Having separate functions for each type is not ideal, but it is quite common in the C programming language. Fortunately, we can use the _Generic macro to group these functions together.

#define print_bits(where, n) _Generic((n), \
                uint8_t: print_bits_uint8_t, \
                int8_t: print_bits_uint8_t, \
                uint16_t: print_bits_uint16_t, \
                int16_t: print_bits_uint16_t, \
                uint32_t: print_bits_uint32_t, \
                int32_t: print_bits_uint32_t, \
                uint64_t: print_bits_uint64_t, \
                int64_t: print_bits_uint64_t) \
            (where, n)

So now, we can simply call print_bits() regardless of the input type (Note: as long as the type is explicitly covered by a branch in the _Generic macro):

uint8_t a = 145;
uint16_t b = 1089;
uint32_t c = 30432;
int32_t d = 3232;

print_bits(stdout, a); printf("\n"); // works on uint8_t!
print_bits(stdout, b); printf("\n"); // works on uint16_t!
print_bits(stdout, c); printf("\n"); // works on uint32_t!
print_bits(stdout, d); printf("\n"); // works on int32_t!

// Output
// 10010001
// 0000010001000001
// 00000000000000000111011011100000
// 00000000000000000000110010100000

Masking

In low-level programming, bitwise masking involves manipulating the individual bits of a number (represented in binary) using the operations we described in the previous sections (&, |, ~, ^, >>, <<). A mask is simply a binary pattern used to extract or manipulate specific bits of a given value.

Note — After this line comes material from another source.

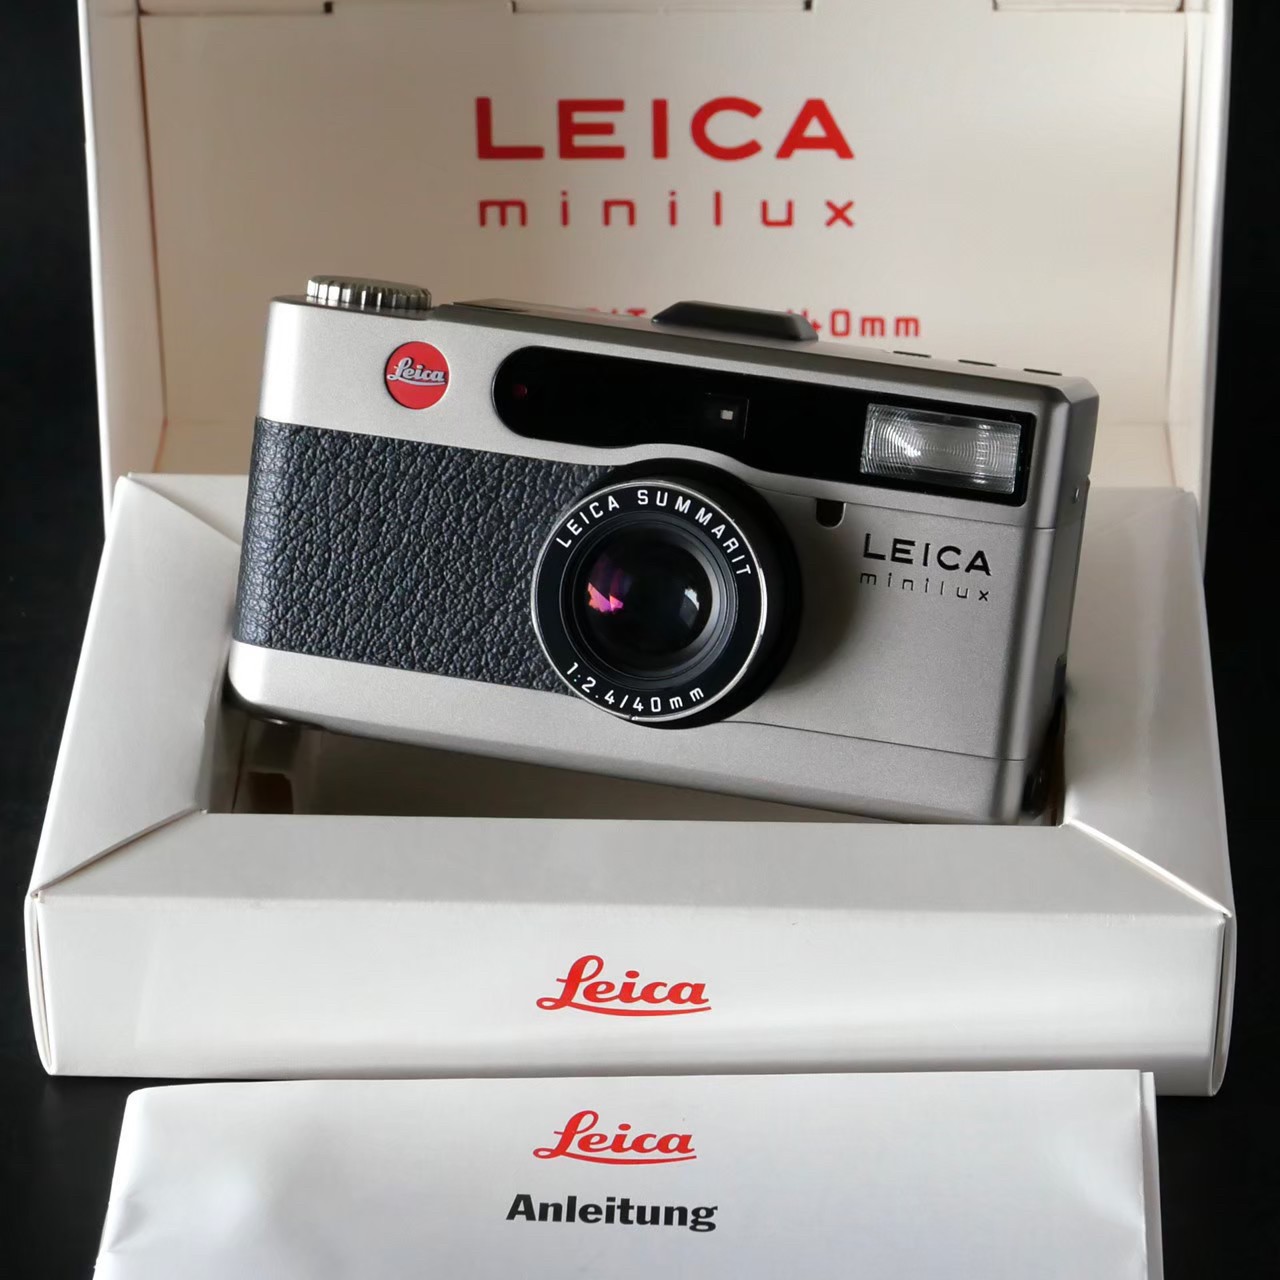 Leica Minilux Champagne - นายตัวน้อย
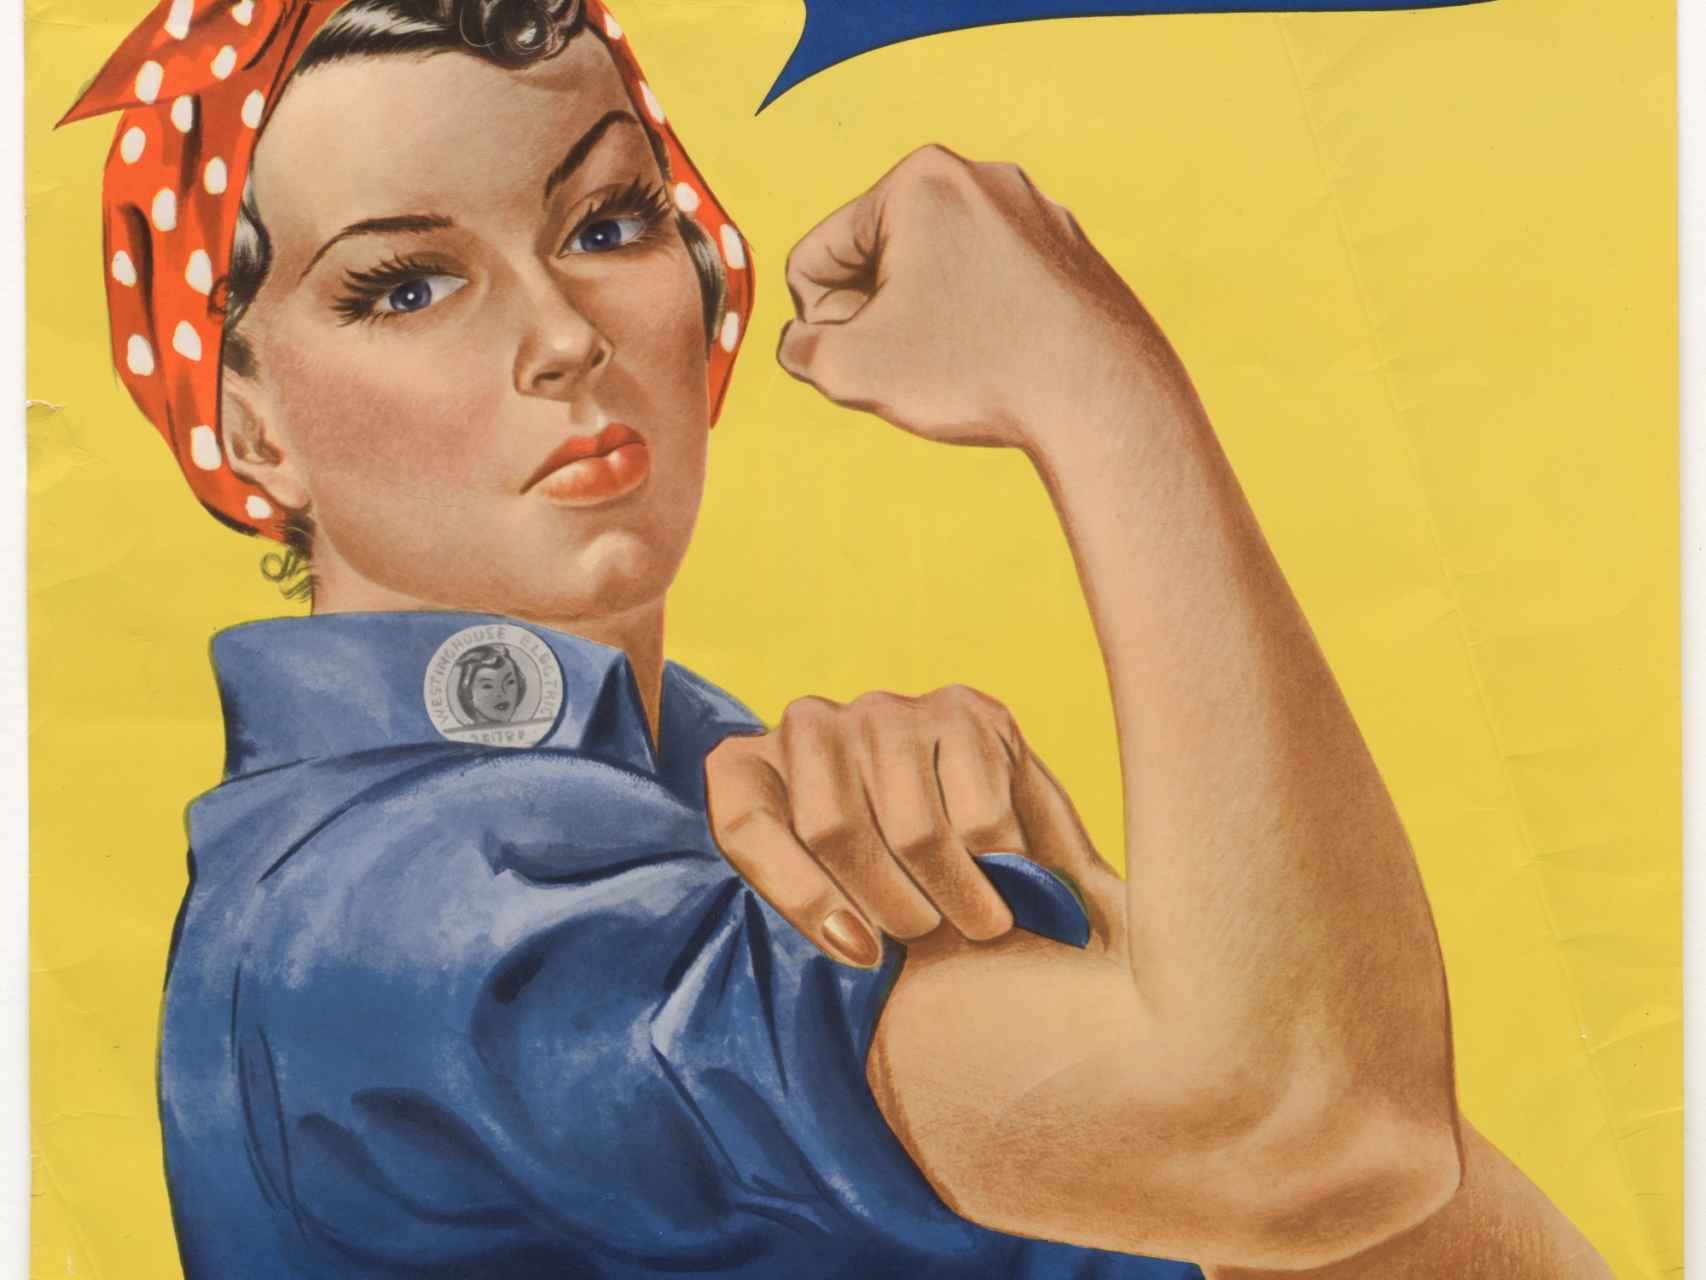 La verdadera historia del cartel que traiciona al feminismo

Using bitmasking techniques, we can:

Let’s take a look at the previously defined function, print_bits_uint8_t, that prints the binary representation of a uint8_t:

void print_bits_uint8_t(FILE *out, uint8_t n) {
    fprintf(out, "%s%s", bit_rep[n >> 4], bit_rep[n & 0xFu]);
}

0xF is the mask we use to select the last 4 bits of n. This happens when we apply n & 0xF: all the 1 bits in the mask are used to extract information from n, while all the 0 bits in the mask discard information from n:

When creating a mask, we can write the pattern by hand using hexadecimal literals, or we can express it using powers of 2. For example, if you want a simple mask for a single bit at the $n$-th position, we can write: 1 << n. Mathematically, $2^n$ is equivalent to 1 << n:

We can also “flip” the mask using the ~(mask) operation:

To get a “contiguous” zone of 1s, we can subtract 1 from the corresponding power of two:

The power of masking - Pairwise Swap

In the famous book Cracking the Coding Interview, there’s an exercise where the reader is asked to swap the even bits with the odd bits inside a number:

If you ignore the requirement to use as few instructions as possible, our typical programmer’s reflex would be to:

Of course, a much more elegant solution uses bitwise operations and masking techniques. Spoiler alert: we will start with the actual solution, followed by an in-depth explanation:

uint16_t pairwise_swap(uint16_t n) {
    return ((n & 0xAAAAu) >> 1) | ((n & 0x5555u) << 1);
}

Cryptic, but simple:

uint16_t n = 0xBCDDu;
uint16_t n_ps = pairwise_swap(n);
print_bits(stdout, n); printf("\n");
print_bits(stdout, n_ps); printf("\n");

// Output
// 1011110011011101
// 0111110011101110

The key to understanding the solution lies in the patterns created by the binary numbers 0xAAAA and 0x5555. 0xAAAA selects all the even bits of n, while 0x5555 selects all the odd bits. If we put the numbers side by side, we can see that:

At this point, the information initially contained in the input number (n = 0xBCDD) is split into two halves:

Now we need to swap them. We will shift the even bits one position to the right (>> 1), and the odd bits one place to the left (<< 1), so they take each other’s original places. To recombine the two interlacing patterns back together, we use the bitwise OR (|) operation.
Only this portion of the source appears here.